— ACTIVITY —
Would you repeat each line below exactly, without the pictures?

— COLLECTED DATA —
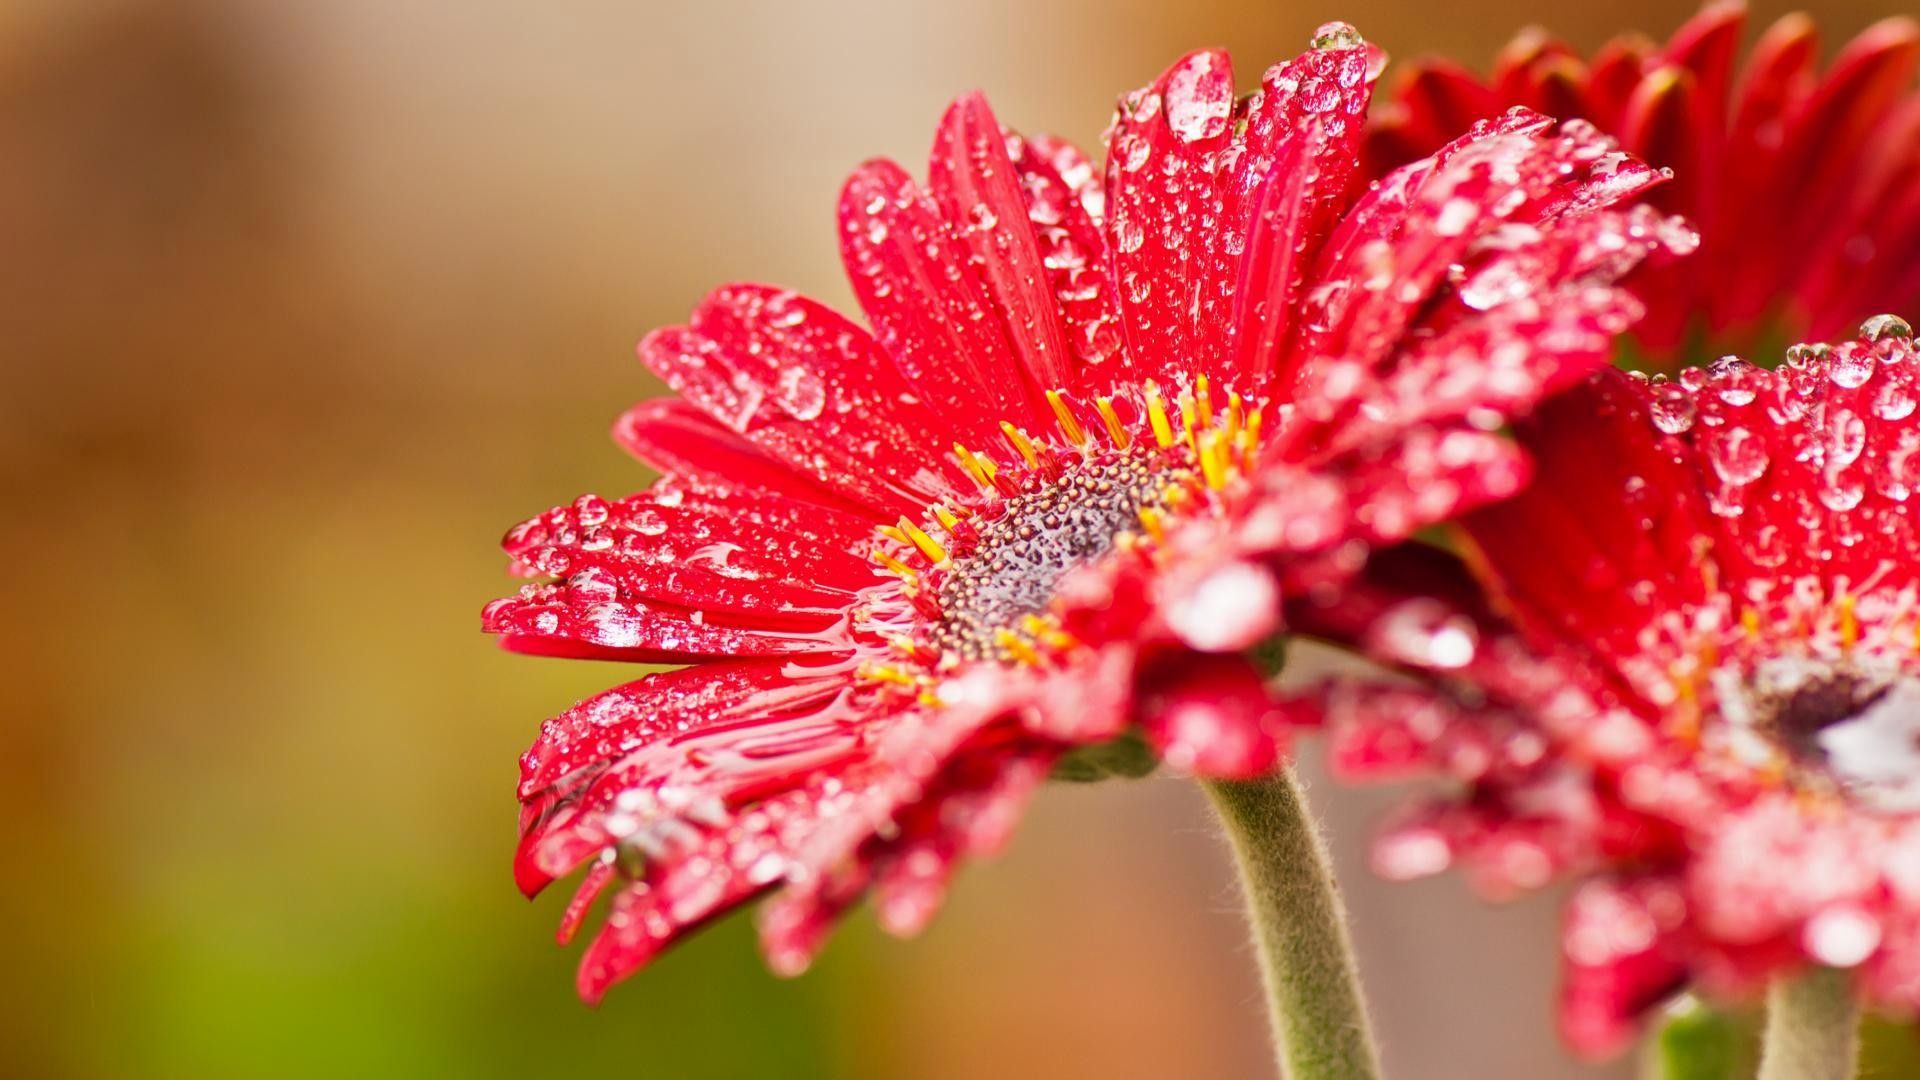 flowers-wallpapers-hd-1080p
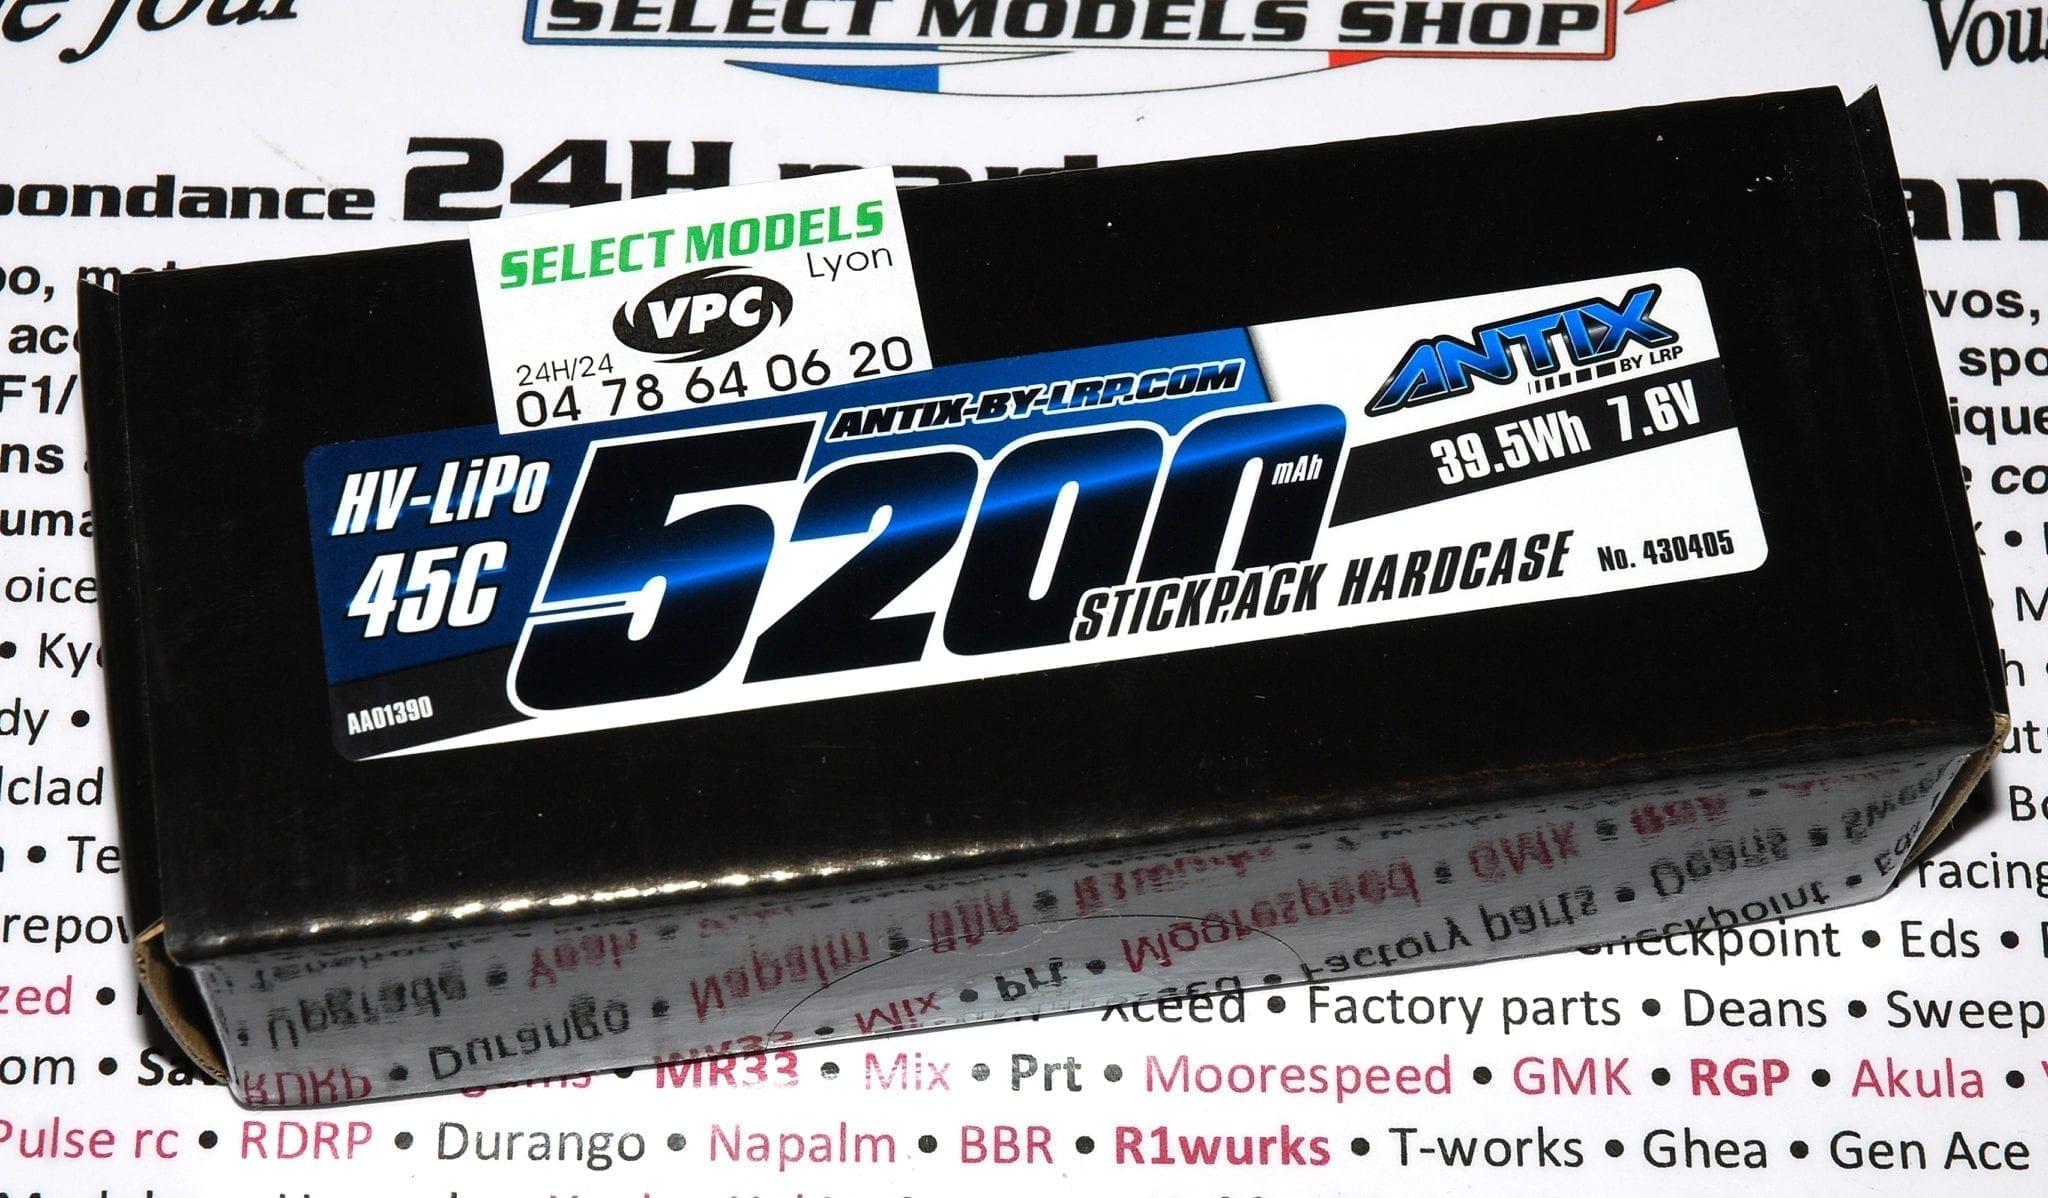 Pack stick lipo loisir Antix 5200 45c 7.6v hv
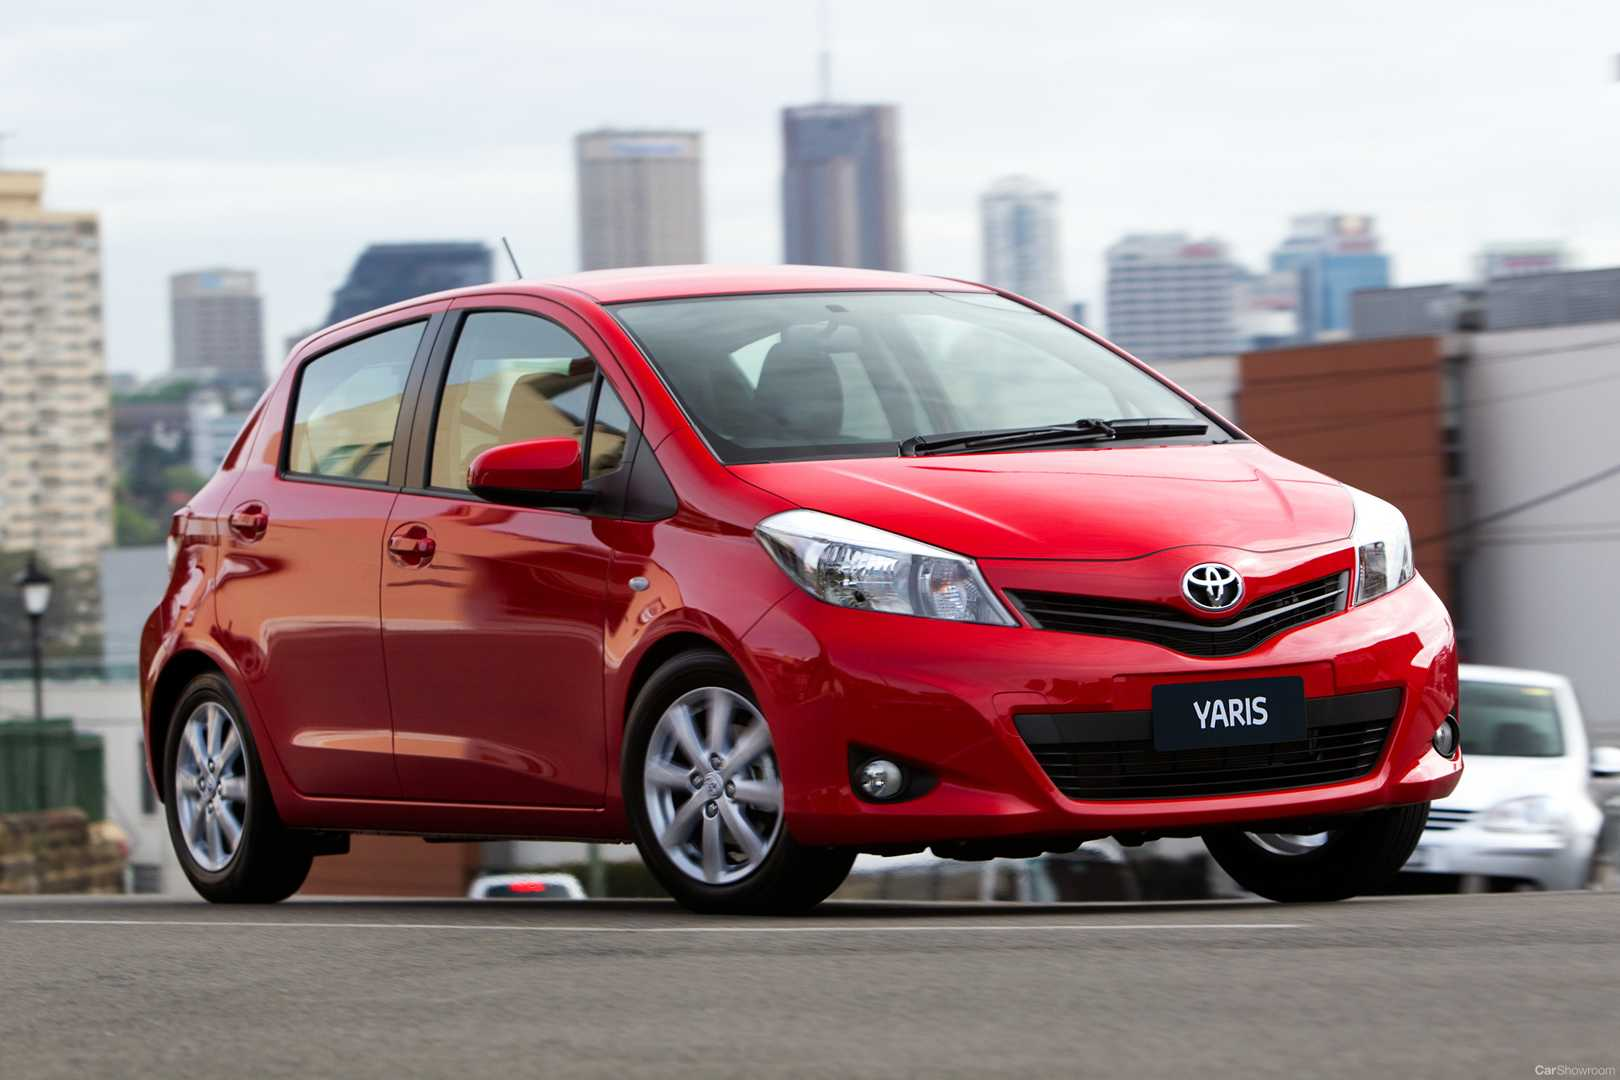 Kekurangan Toyota Yaris 2011 Tangguh
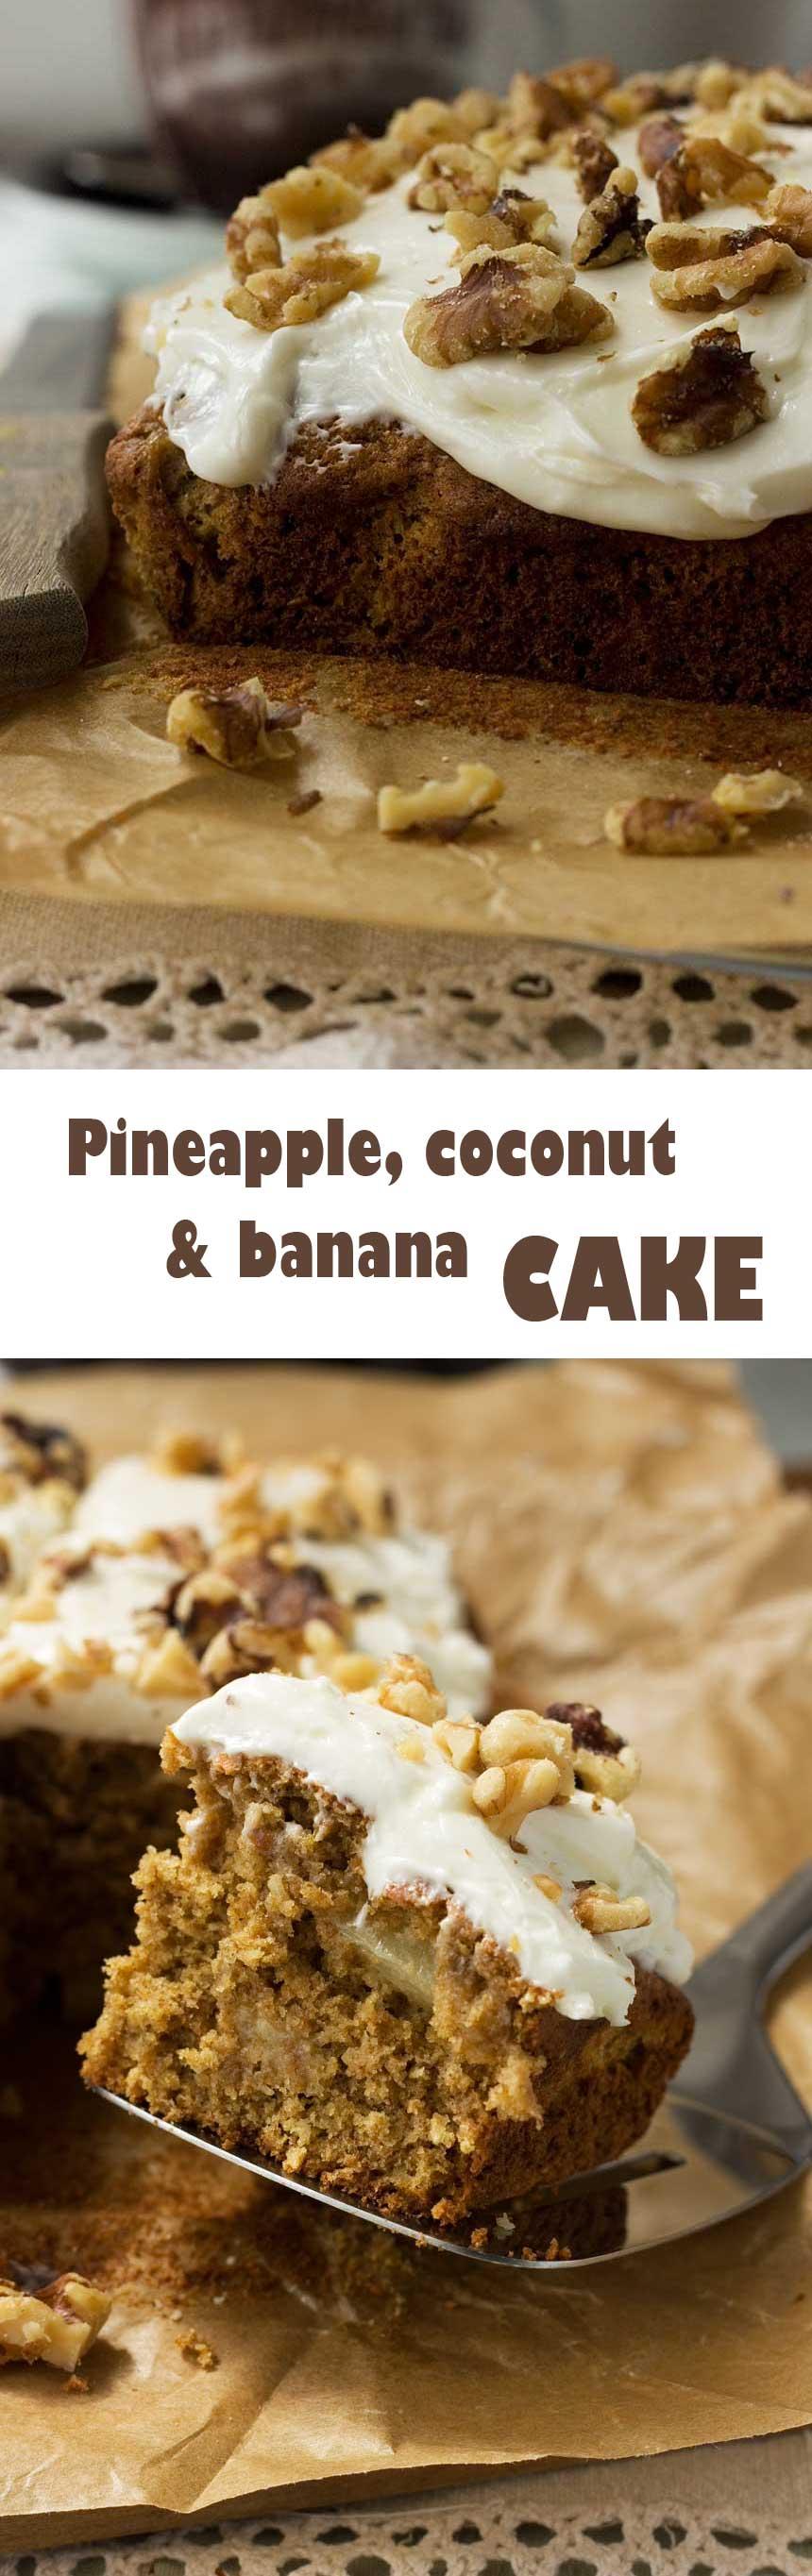 Pineapple, coconut and banana cake - like carrot cake with a tropical twist!

— RESULT OF THIS TASK —
 flowers-wallpapers-hd-1080p
 Pack stick lipo loisir Antix 5200 45c 7.6v hv
 Kekurangan Toyota Yaris 2011 Tangguh
 Pineapple, coconut and banana cake - like carrot cake with a tropical twist!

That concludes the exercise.